Exercise directions - Take the whole listing and reproduce it exactly, pictures excepted.

Dataset section -

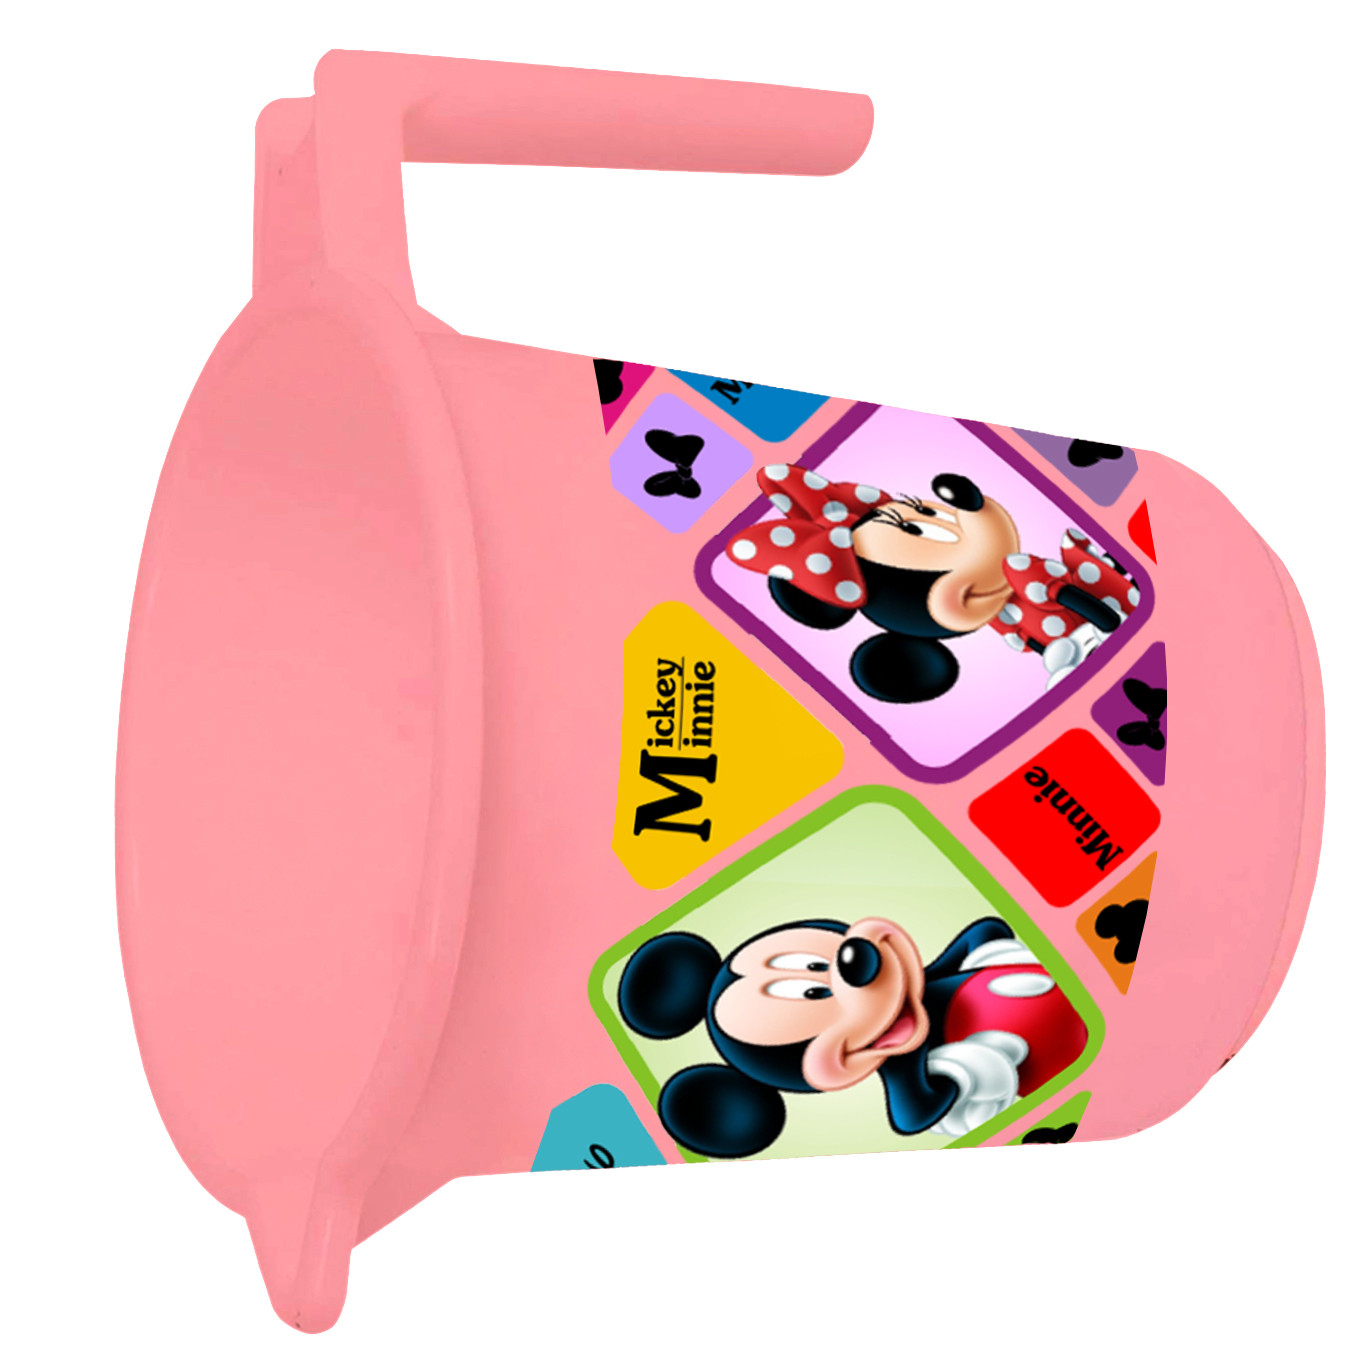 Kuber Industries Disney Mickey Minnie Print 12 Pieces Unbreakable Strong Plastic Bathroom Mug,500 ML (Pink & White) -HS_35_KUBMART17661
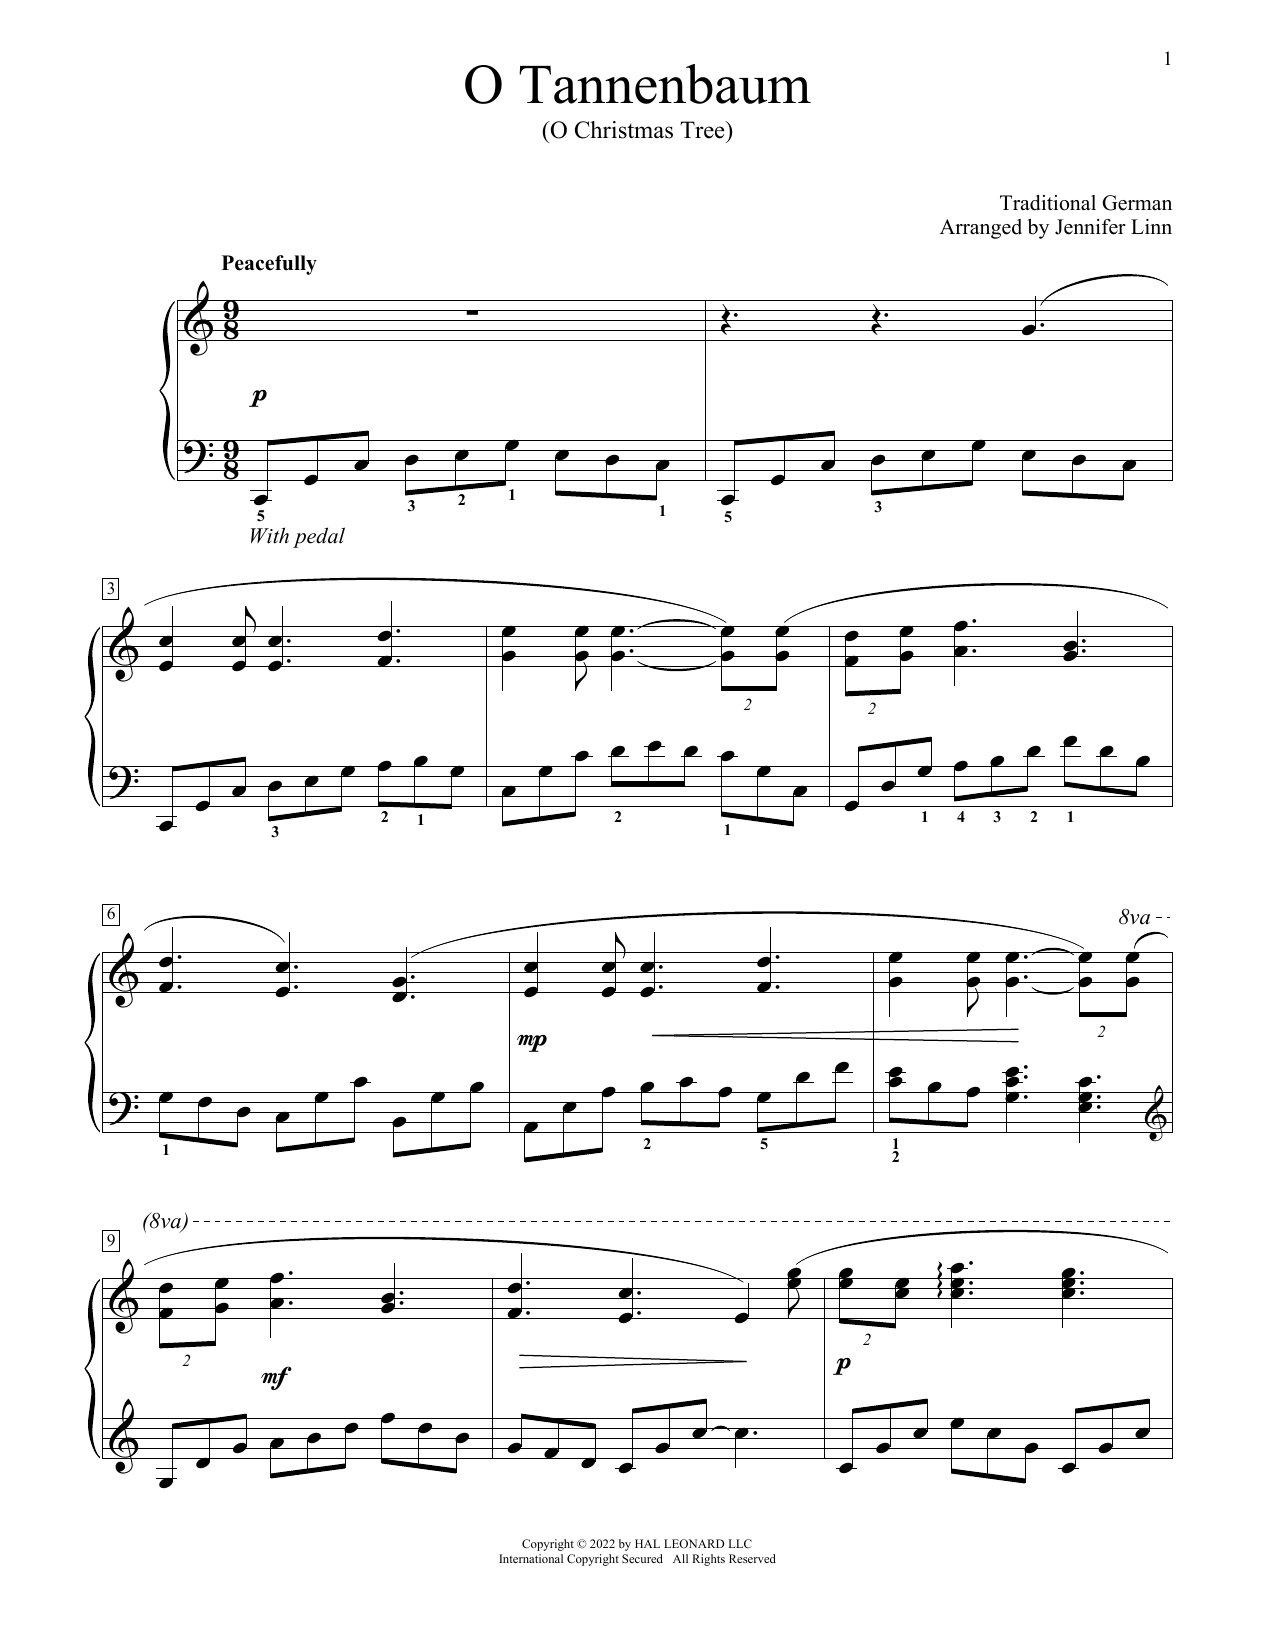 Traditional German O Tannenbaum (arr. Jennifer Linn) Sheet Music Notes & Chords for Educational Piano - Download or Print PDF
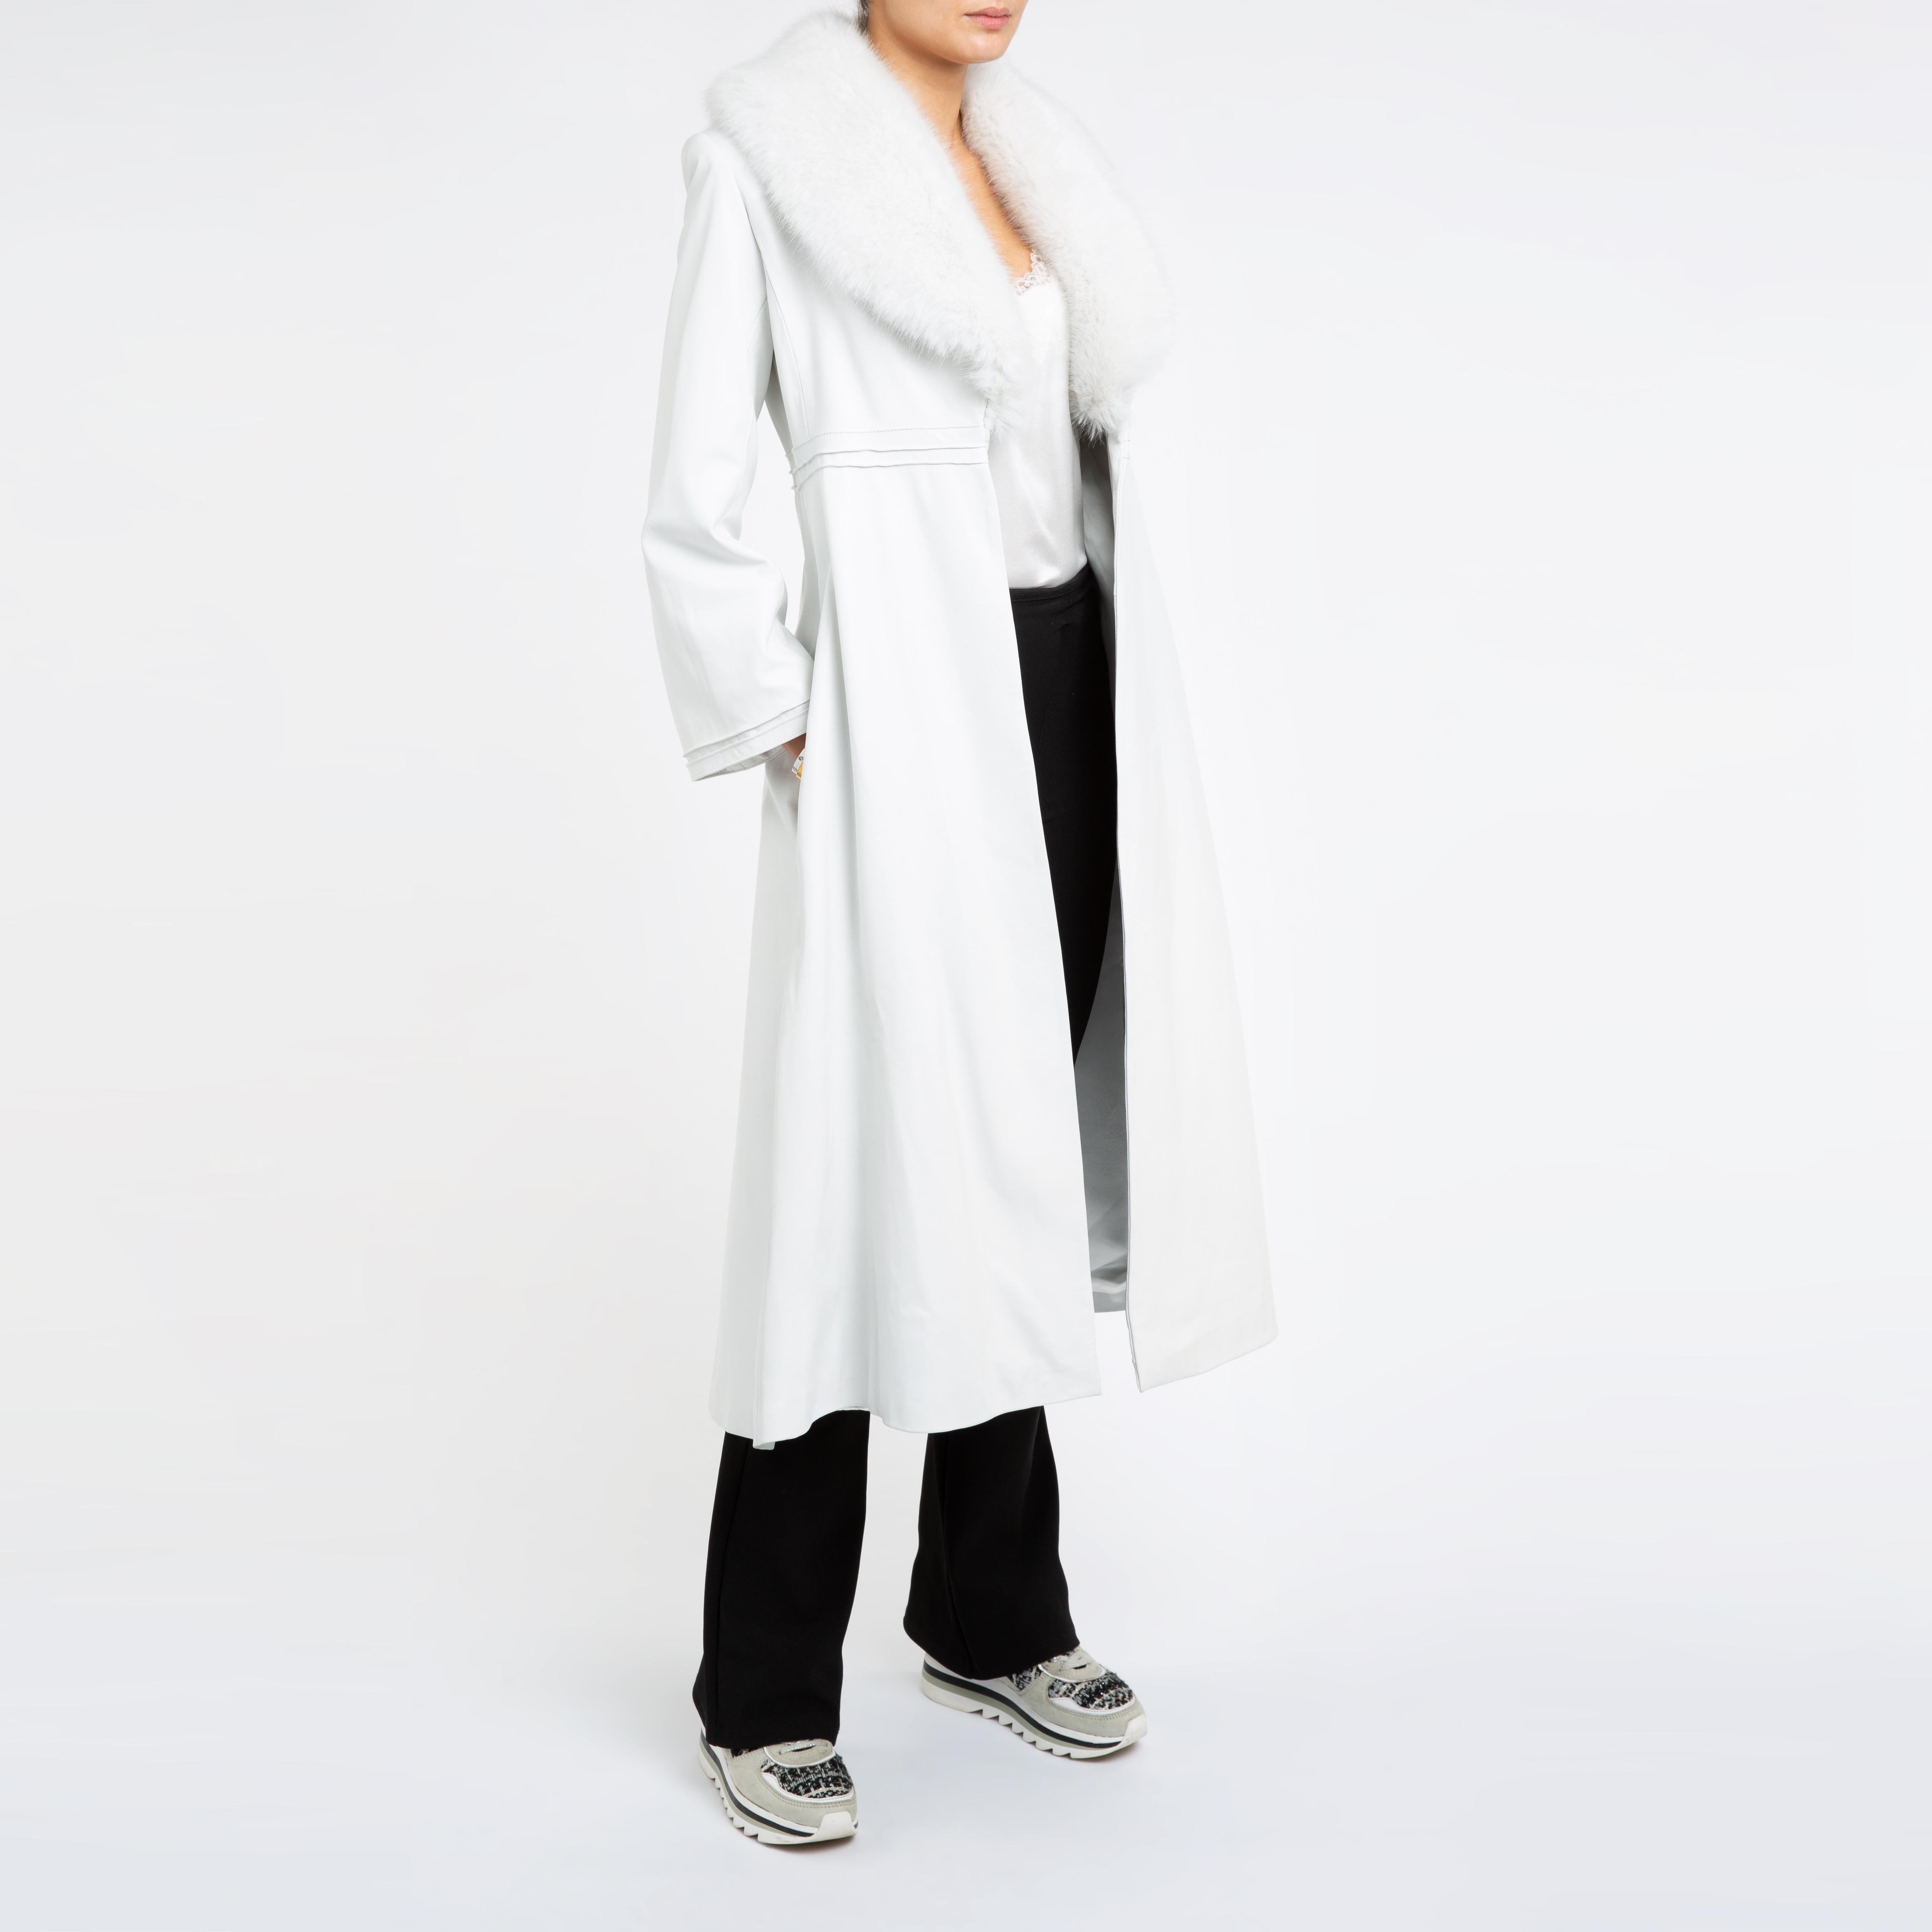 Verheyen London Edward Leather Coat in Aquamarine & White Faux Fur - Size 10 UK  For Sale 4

Answer area -
 Kuber Industries Disney Mickey Minnie Print 12 Pieces Unbreakable Strong Plastic Bathroom Mug,500 ML (Pink & White) -HS_35_KUBMART17661
 Traditional German O Tannenbaum (arr. Jennifer Linn) Sheet Music Notes & Chords for Educational Piano - Download or Print PDF
 Verheyen London Edward Leather Coat in Aquamarine & White Faux Fur - Size 10 UK  For Sale 4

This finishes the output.